■ **Collected material**
+++

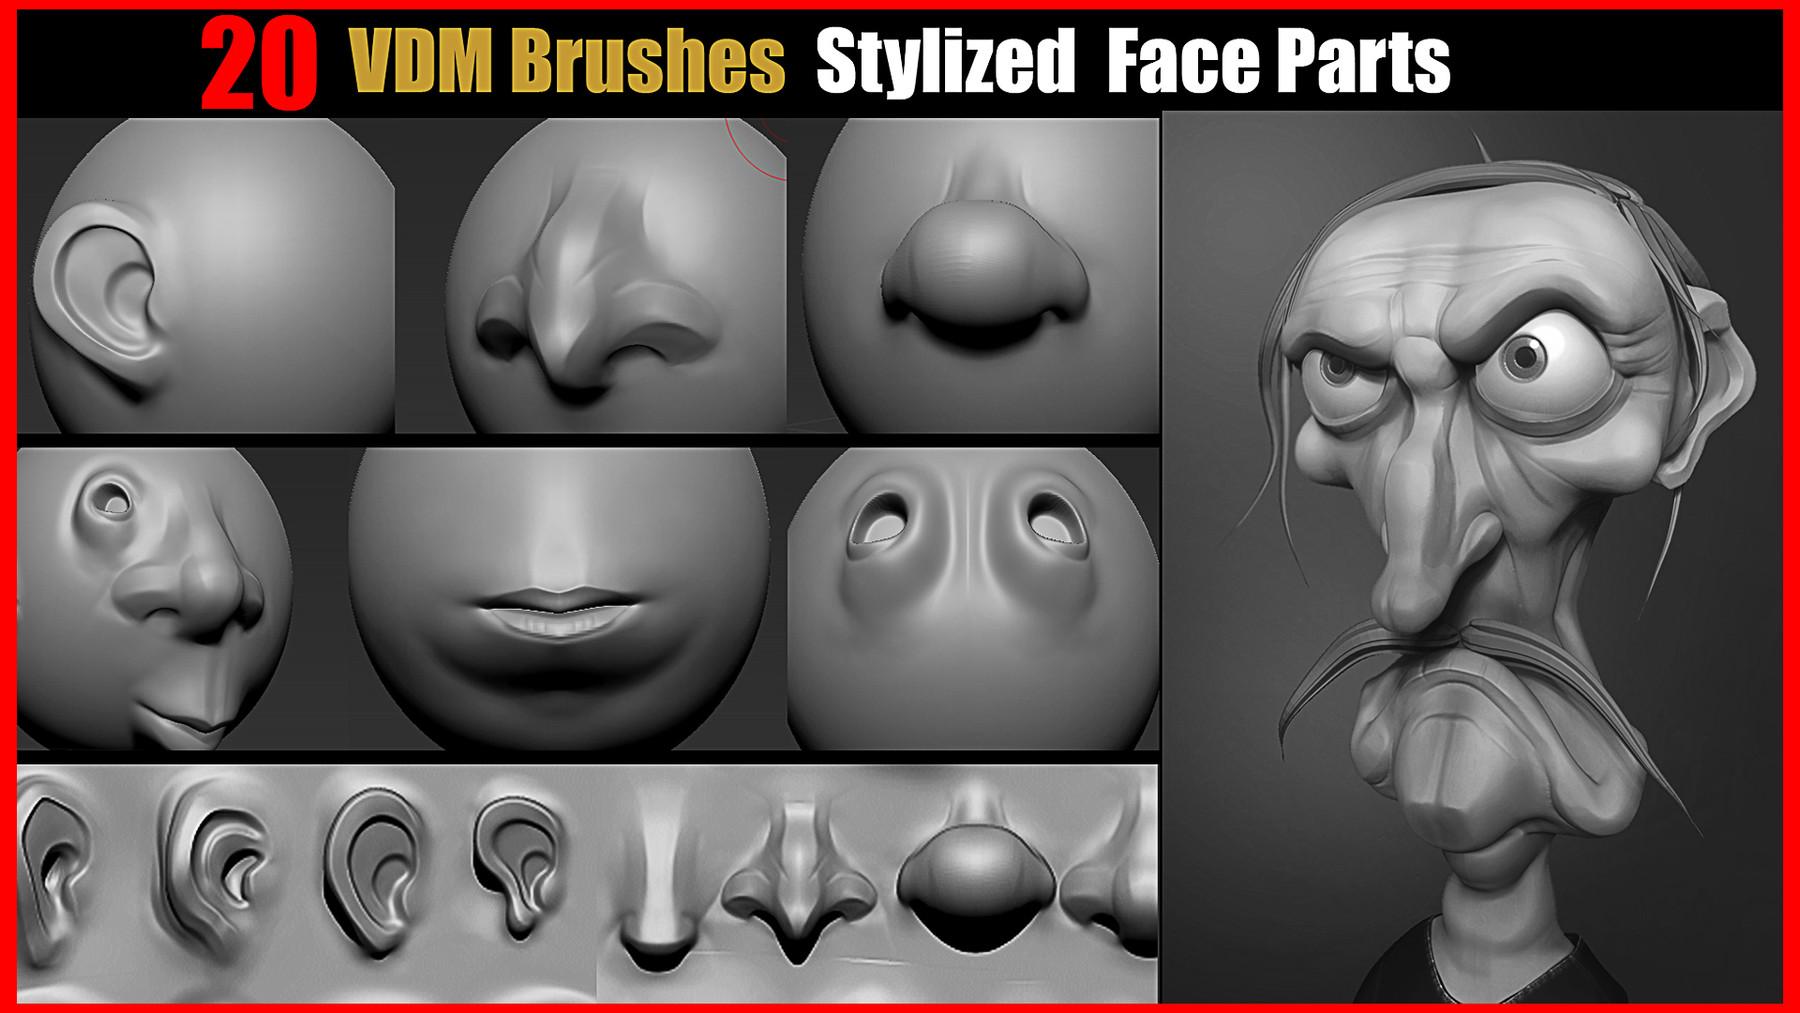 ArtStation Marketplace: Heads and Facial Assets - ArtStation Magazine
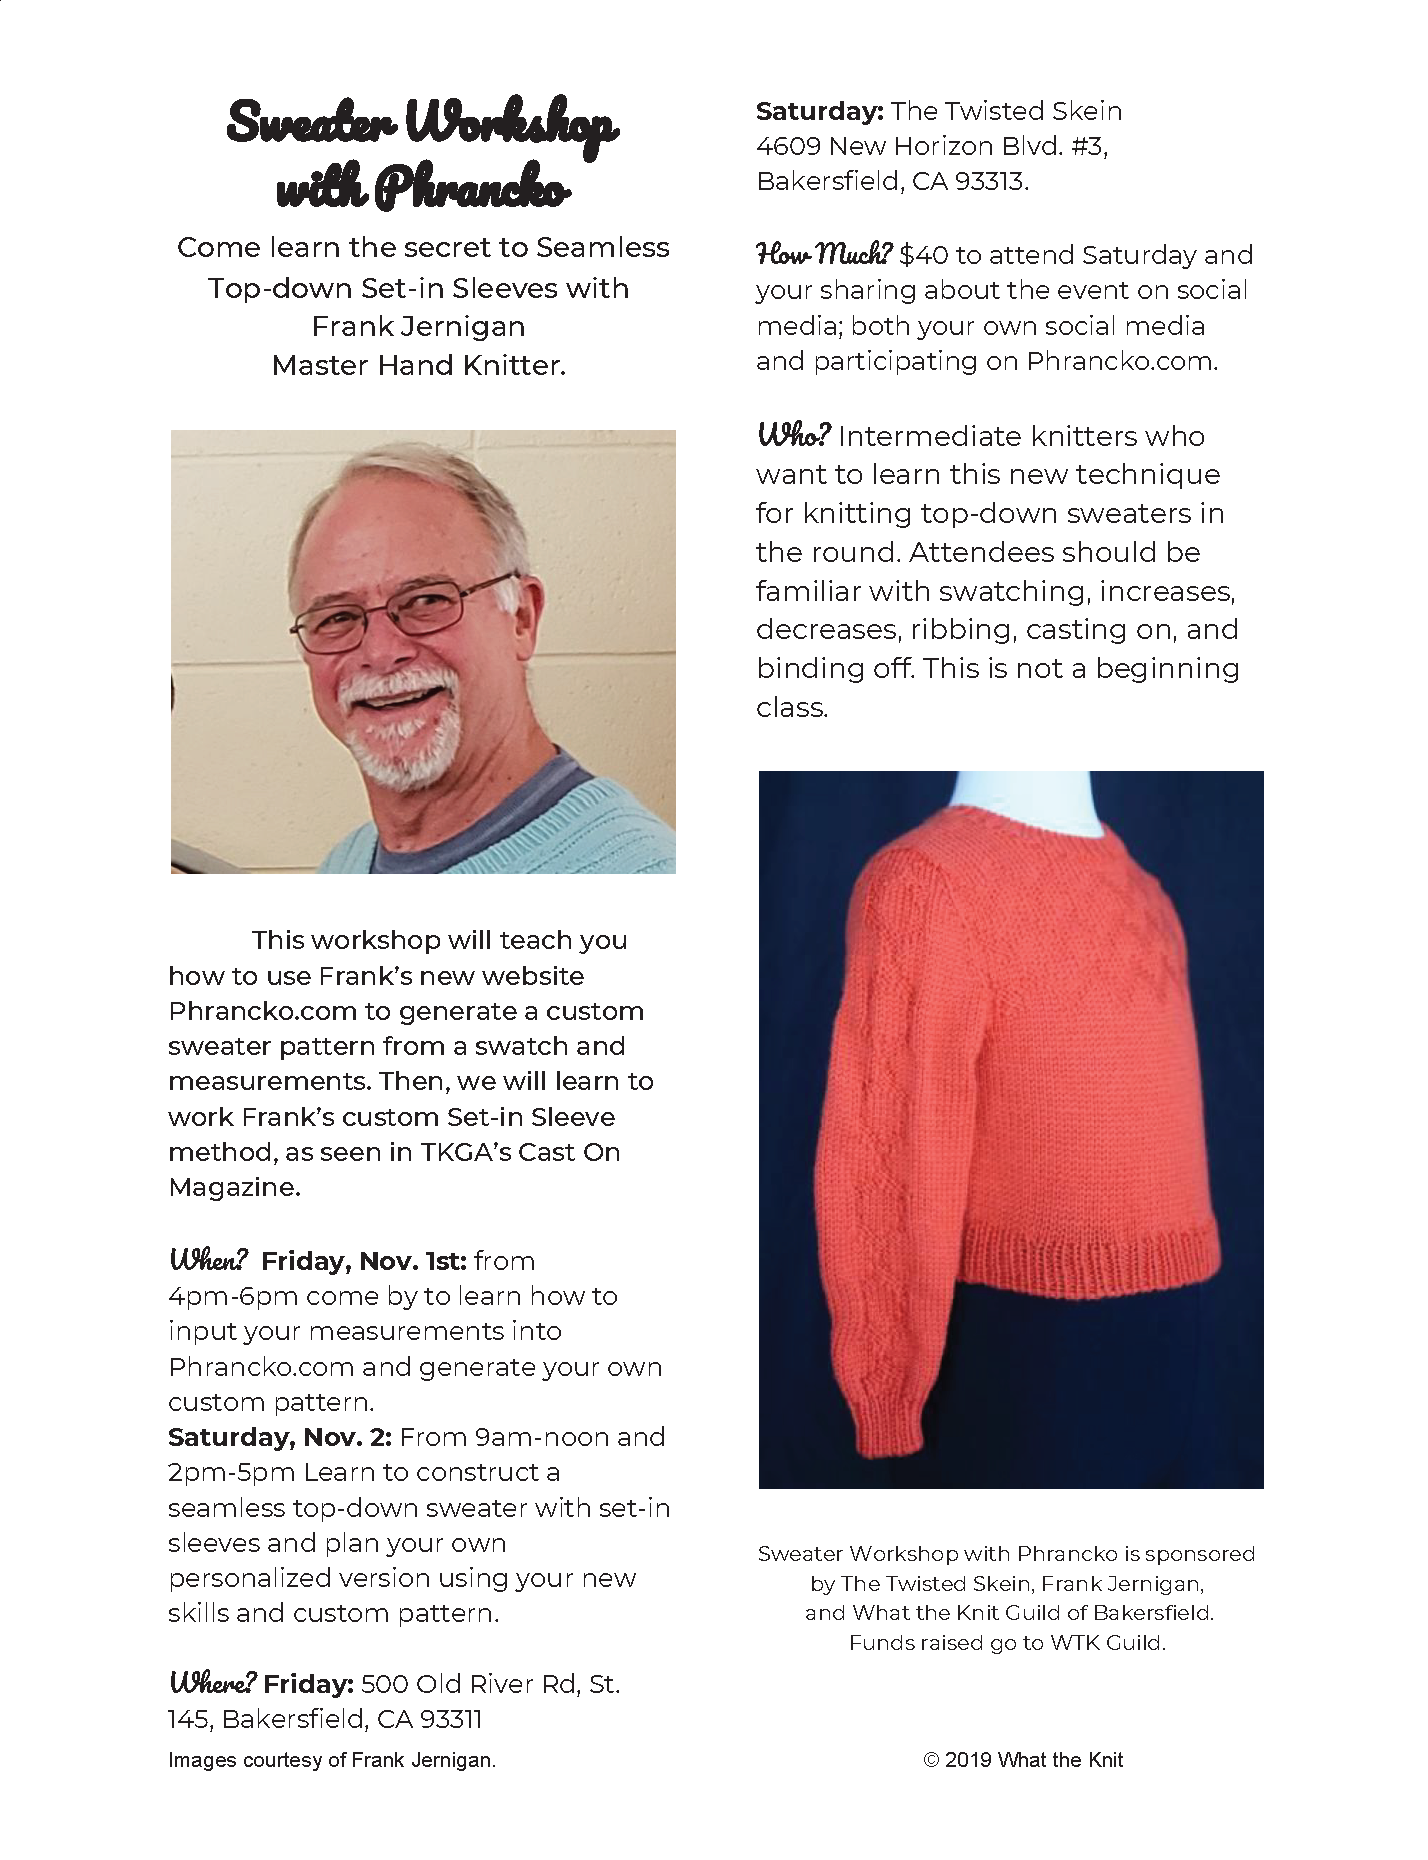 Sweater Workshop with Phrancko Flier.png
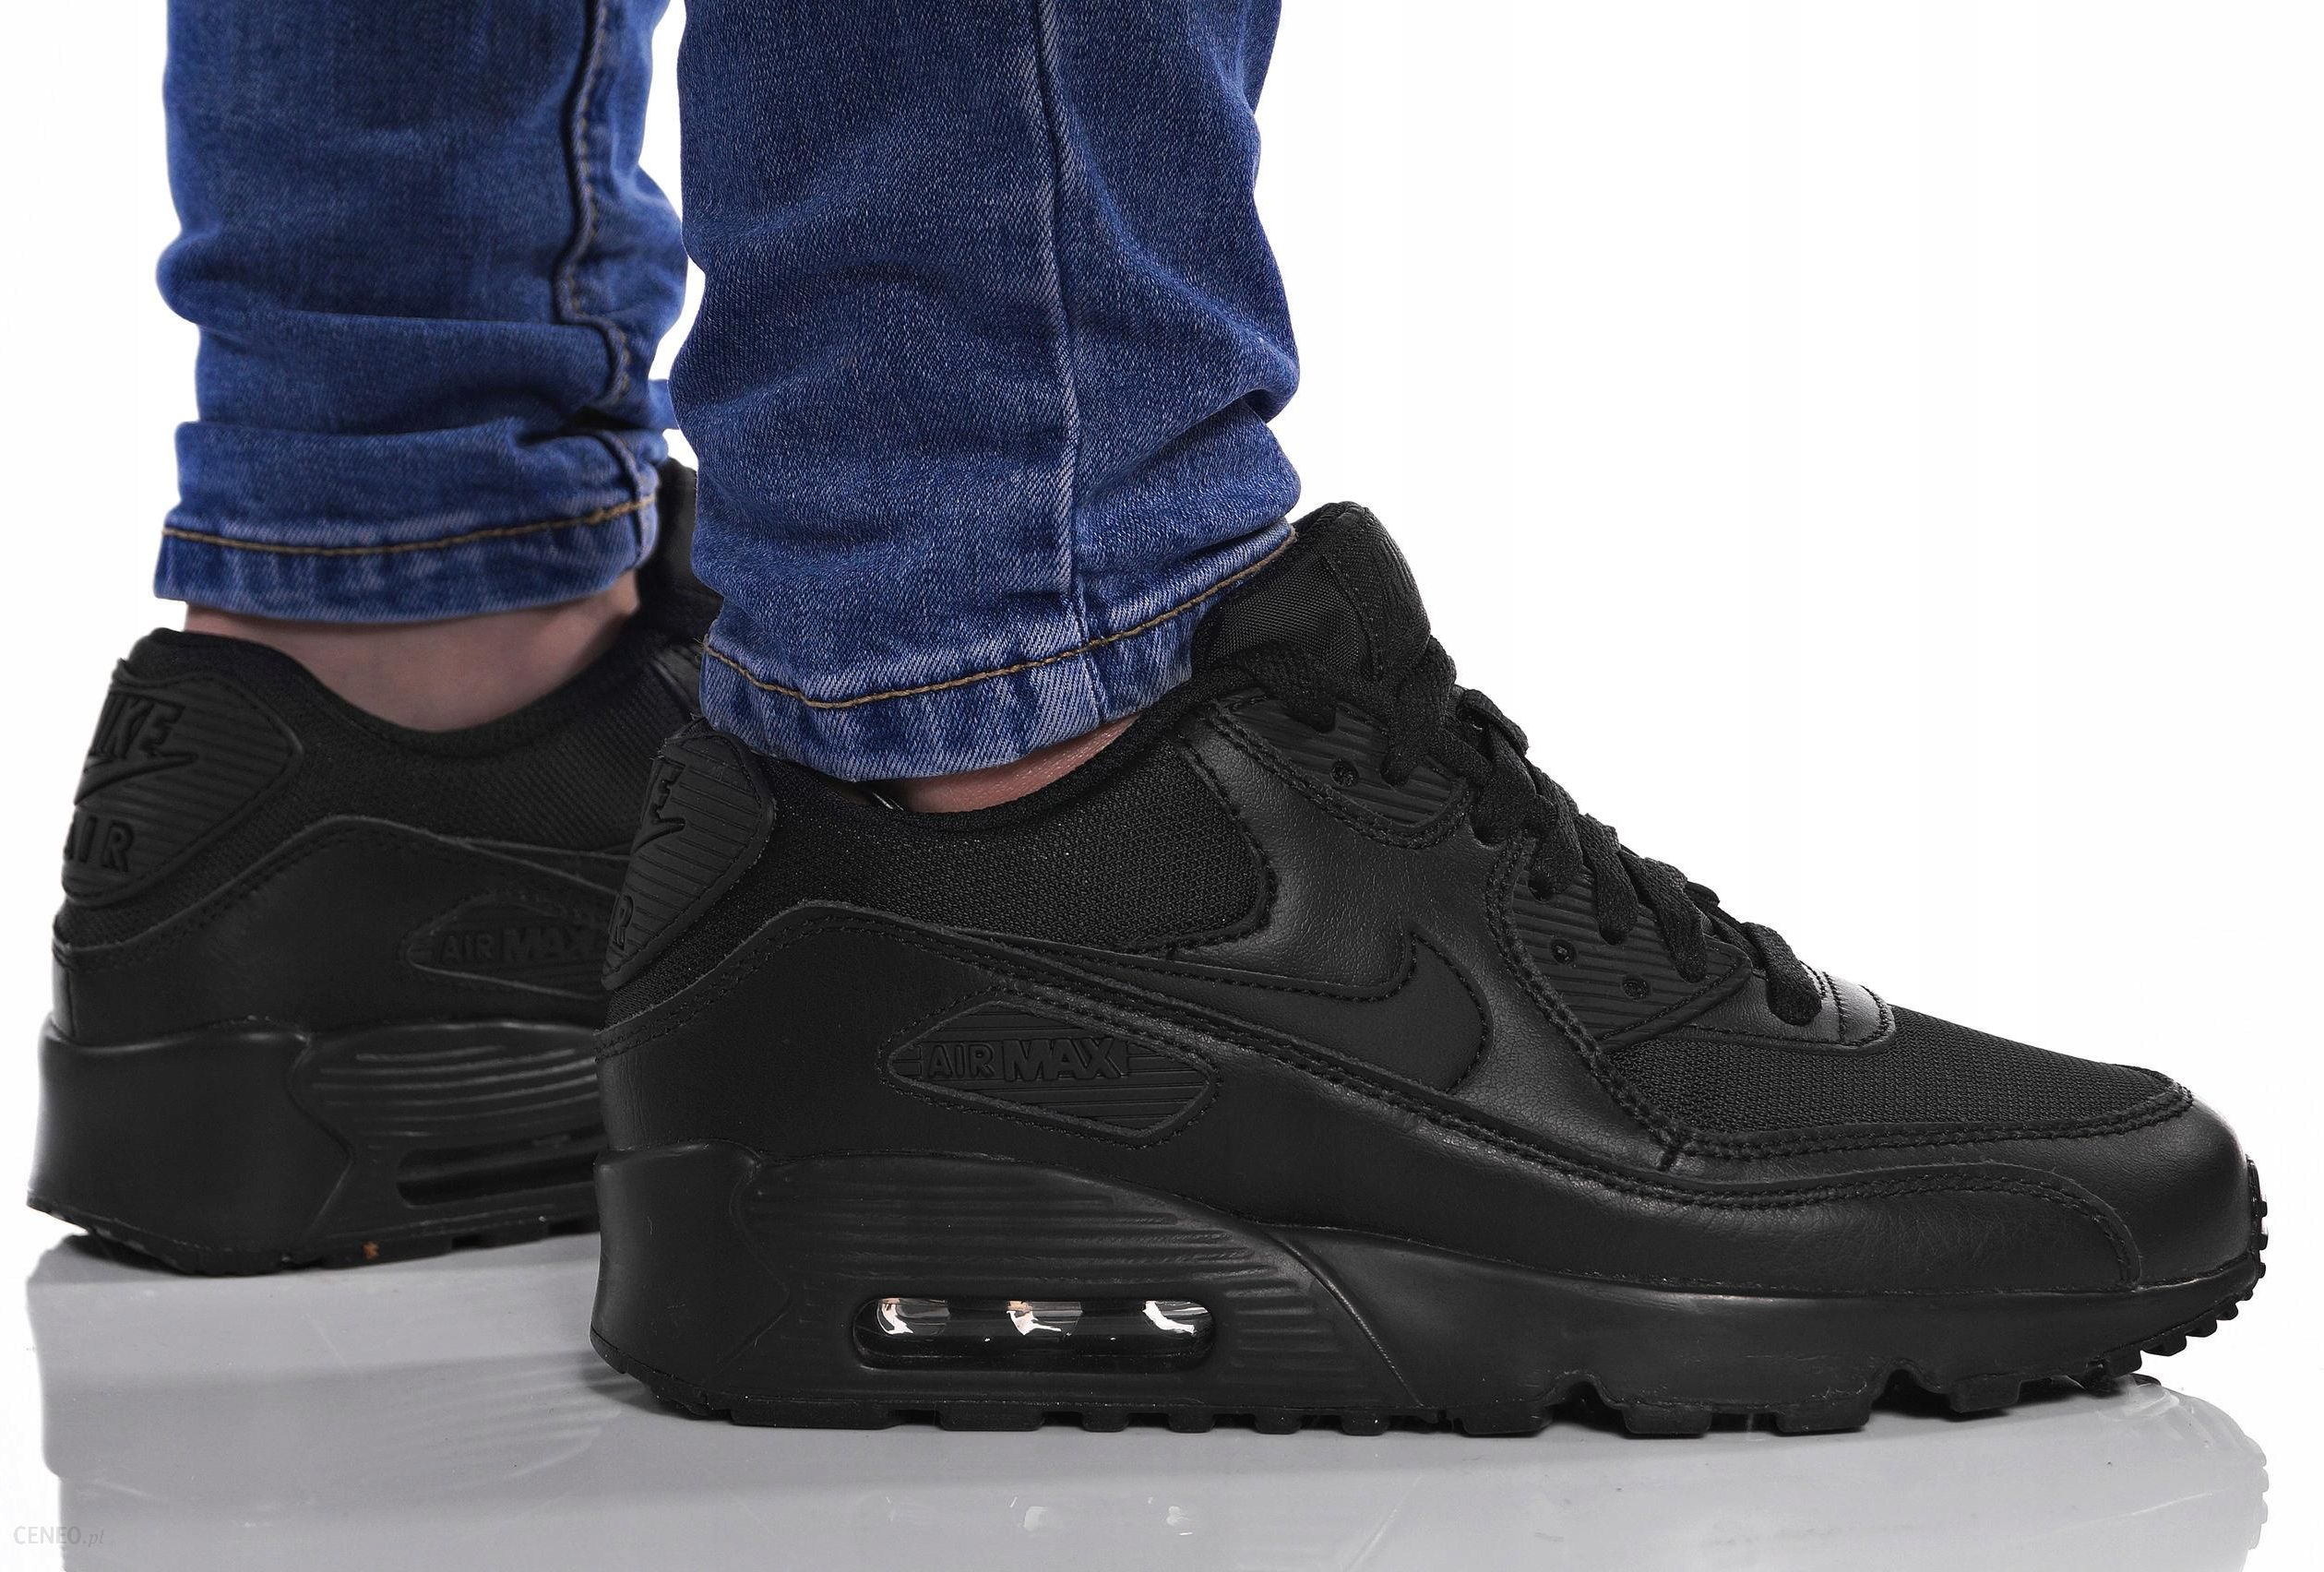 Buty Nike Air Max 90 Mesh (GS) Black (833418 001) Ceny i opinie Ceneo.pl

+++

■ **Problem requirements**
Give back each line above verbatim, dropping every picture.

■ **Your solution**
 ArtStation Marketplace: Heads and Facial Assets - ArtStation Magazine
 Sweater Workshop with Phrancko Flier.png
 Buty Nike Air Max 90 Mesh (GS) Black (833418 001) Ceny i opinie Ceneo.pl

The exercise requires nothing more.